Oracle FAQ Your Portal to the Oracle Knowledge Grid
HOME | ASK QUESTION | ADD INFO | SEARCH | E-MAIL US
 

Home -> Community -> Mailing Lists -> Oracle-L -> Re: asynch I/O

Re: asynch I/O

From: Tim Gorman <tim_at_sagelogix.com>
Date: Sat, 20 Sep 2003 20:19:39 -0800
Message-ID: <F001.005D095E.20030920201939@fatcity.com>


Mladen,

I don't know enough yet, but last Wednesday night when I was pulled into the before-mentioned situation, performance was horrible and I/O was high. When the VP-IT said they were on NetApps, I felt I instantly knew what was wrong, but I've learned to keep my mouth shut until I have facts. James Herriott wrote that "veterinary practice gives one ample opportunity to make a complete ass of oneself", and I've found the same to be true in this line of work.
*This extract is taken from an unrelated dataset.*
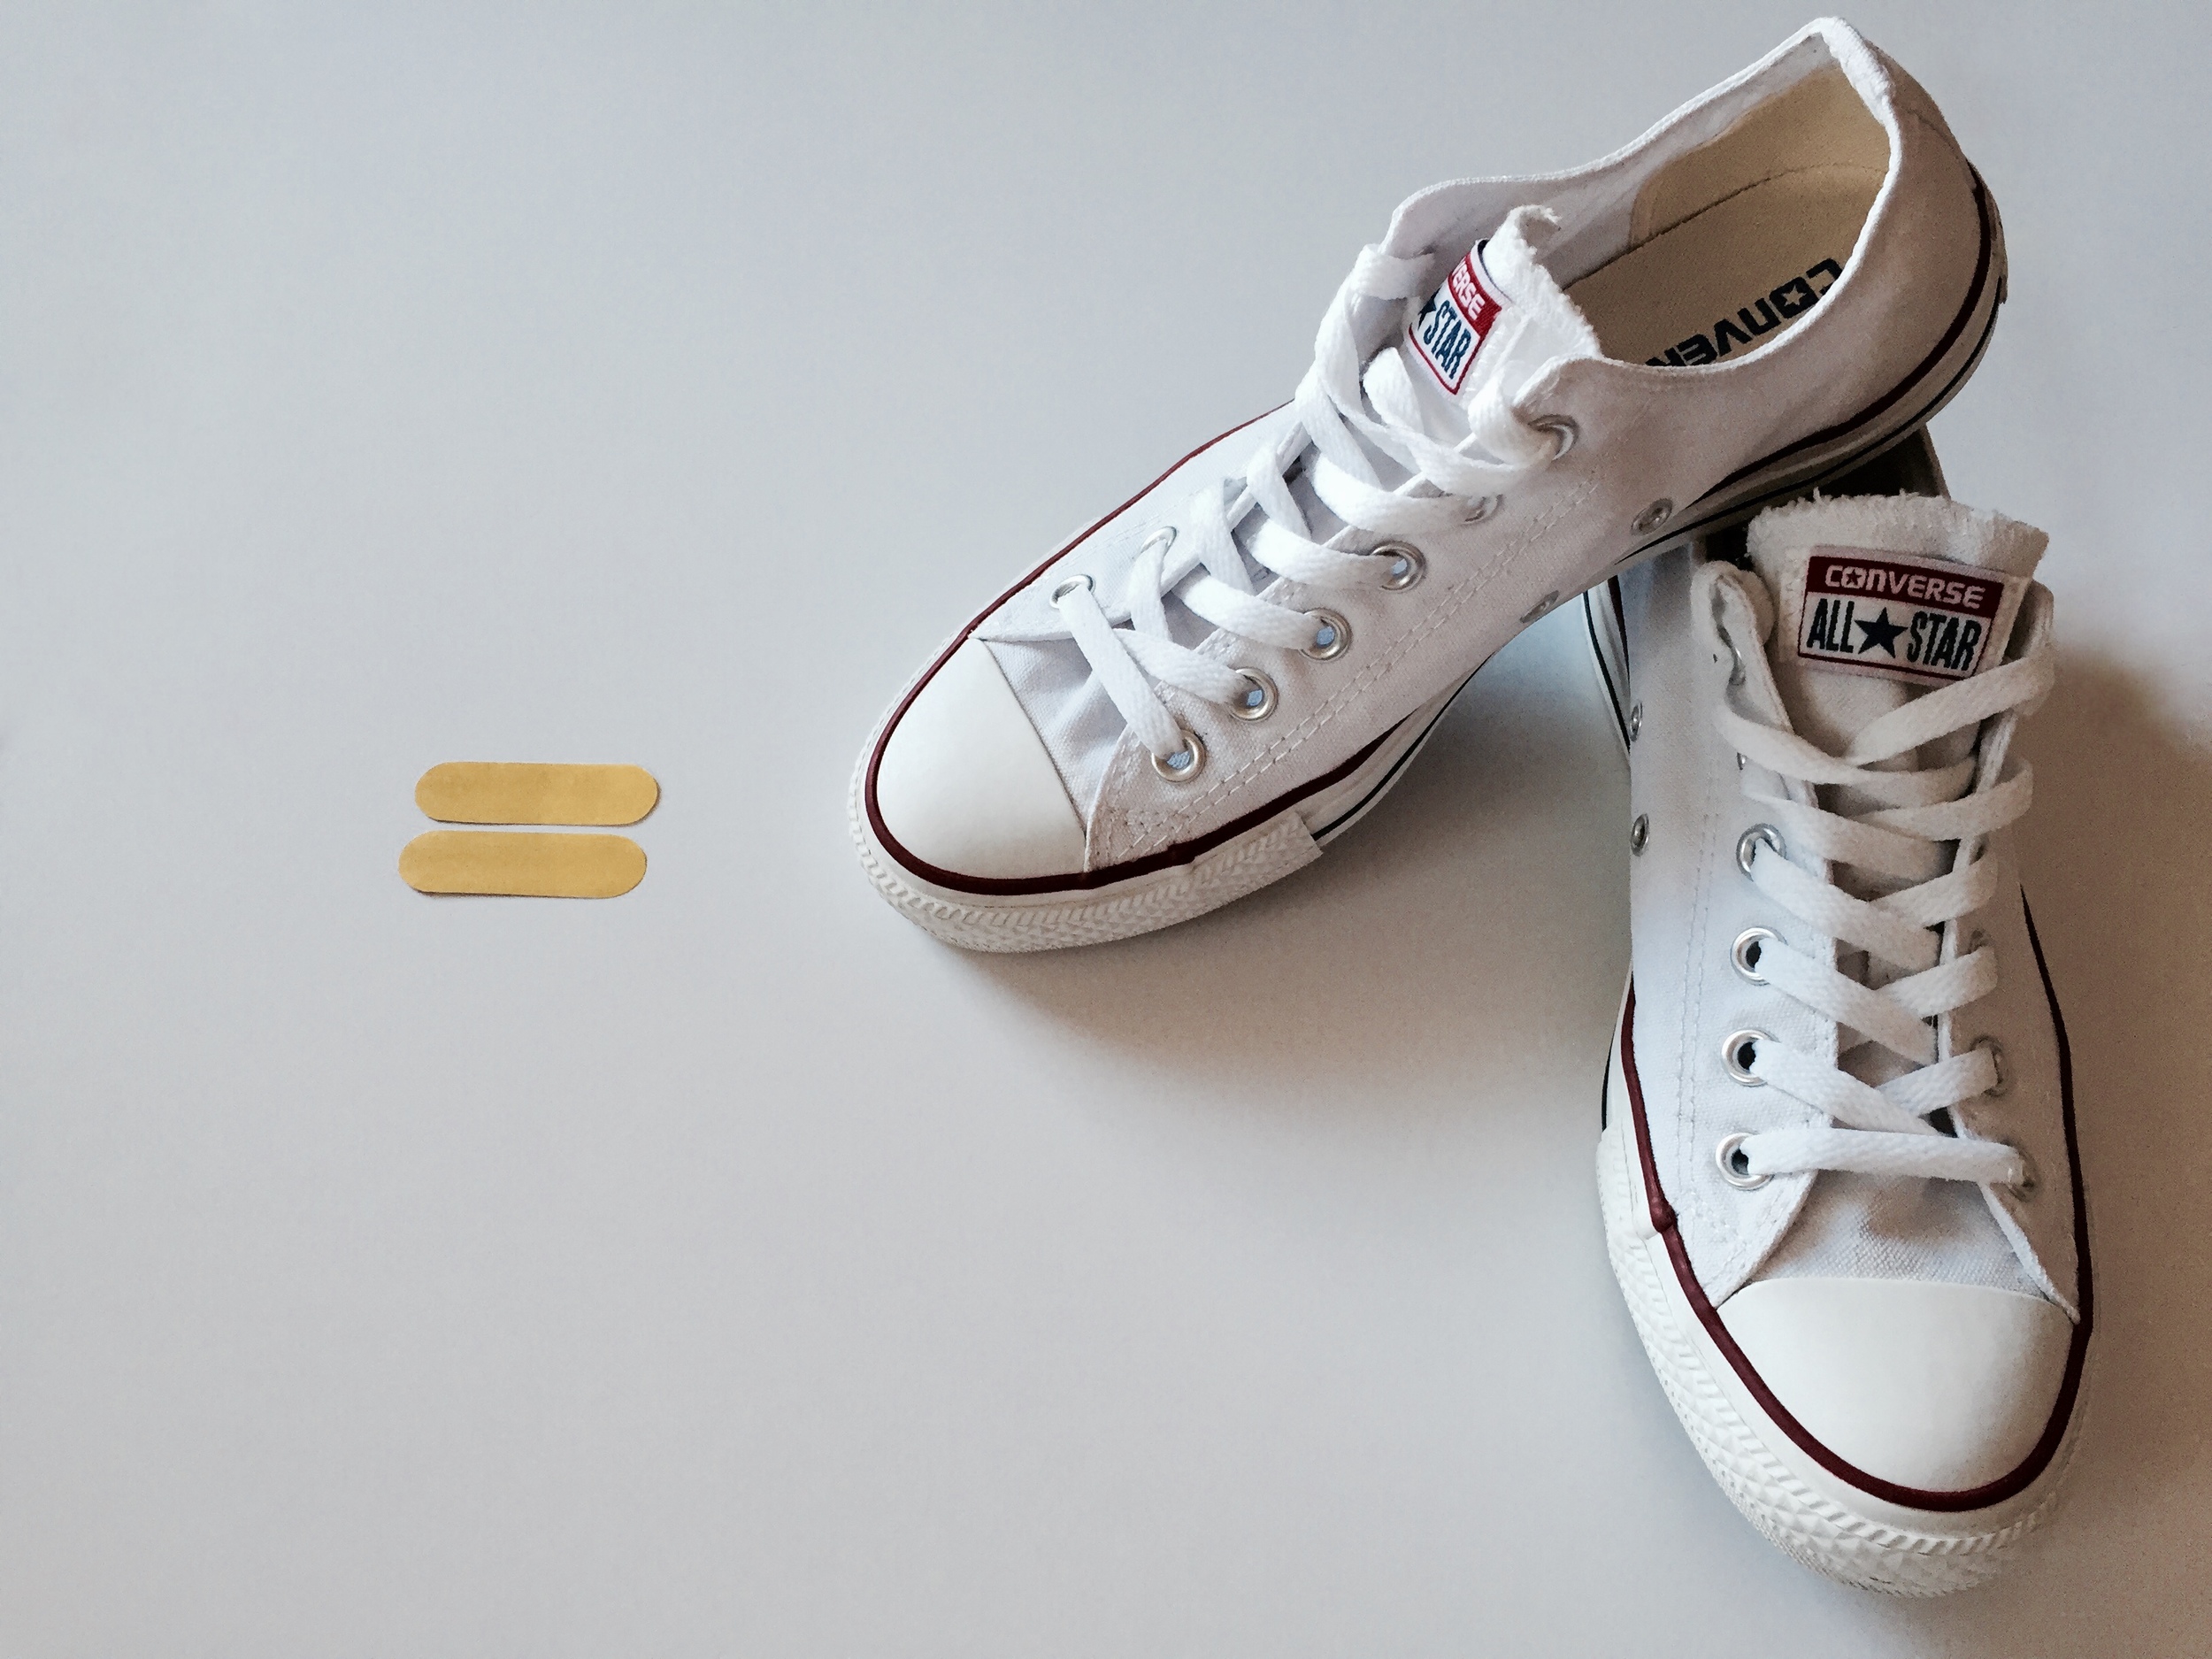 how to clean converse in washing machine
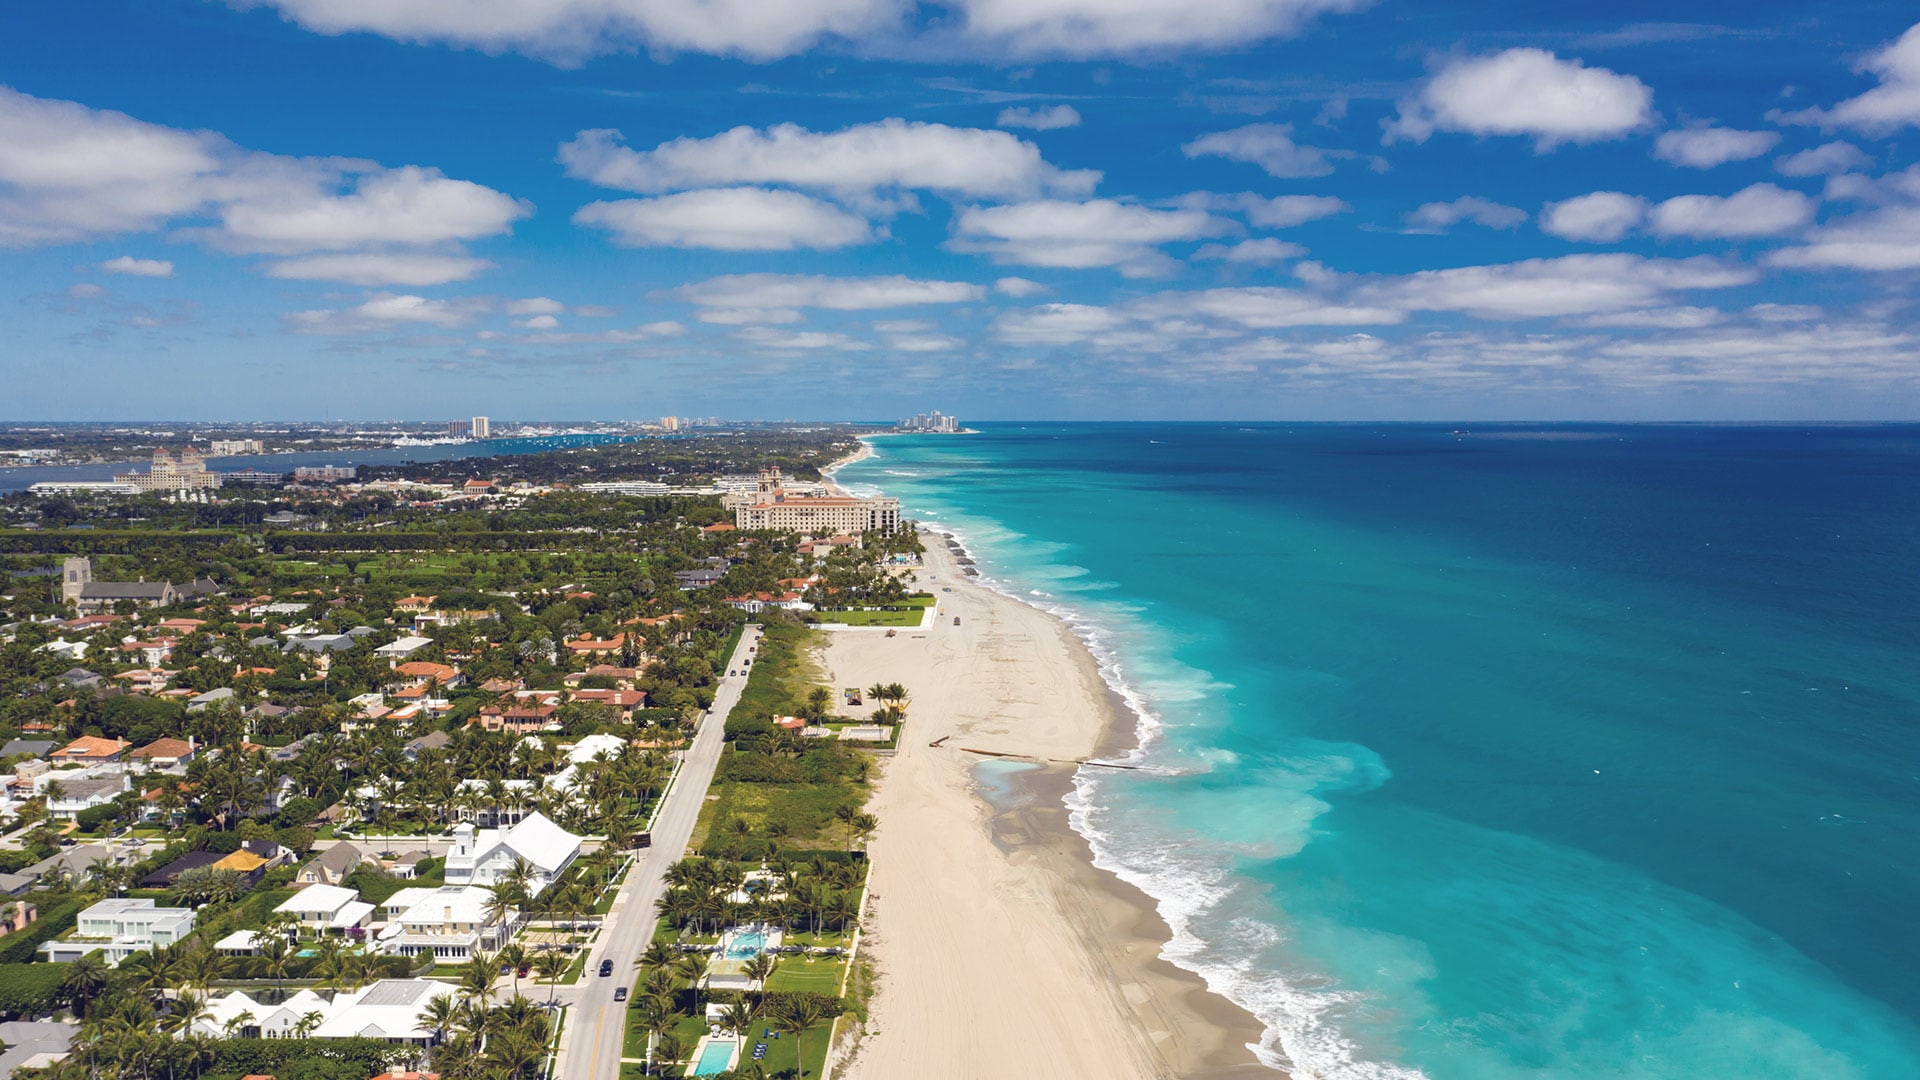 West Palm Beach Florida - Things to Do & Attractions

So, later that night, they migrated the 150Gb database and all binaries from one filer (an F900?) to the other (an F960?) overnight. NetApps ponied up the new filer -- said they didn't want to be blamed.

For the new filer, they made the following configuration changes:

...I'm not quite sure that I got all of that right, but that's the basic gist...

Of course, as always, people treat the volume of I/O coming from an Oracle database as an unchanging monolithic thing, and they always think the best thing is to make the cost per I/O better. That's OK, if you're made of money...

As Anjo advises in his YAPP reports from www.oraperf.com, tuning I/O means tuning the volume of I/O as well as tuning the cost per I/O. The NetApps folks already had a plan to reduce the cost per I/O before I was even called, so I've kept my mouth shut and pursued tuning the volume of I/O.

Anyway, performance was many-fold better after the changes. My standard query on ALL_INDEXES and ALL_IND_COLUMNS to find indexes belonging to a table took 22 mins on Wednesday night, but only the normal 60-90 seconds the following afternoon. When I/O is sick, the entire system sneezes.

The other side of what they did is snapshots. They take snapshots four times per day and replicate them to another filer to backup to tape. I think they only backup one of those snapshots per day. I would prefer to use RMAN and can't see any way to use it here, but I'm not about to delve into that right now. My job is tuning, not kibitzing on backups.

So, Dick's comments about how WAFL works and how snapshots impact space utilization on the filer triggered some things. Like why take four snapshots per day when you're only backing off one set to tape...?

Anyway, I'll work with these folks some more during next week; they still haven't implemented any of my recommendations (i.e. adding function-based indices, applying tuning patches, purging workflow, changing some custom code and using histograms, etc). I plan to really mess up NetApp's neat little 16-part picture of this system's I/O by making large chunks of it disappear. But that's OK -- they'll just have to adjust again.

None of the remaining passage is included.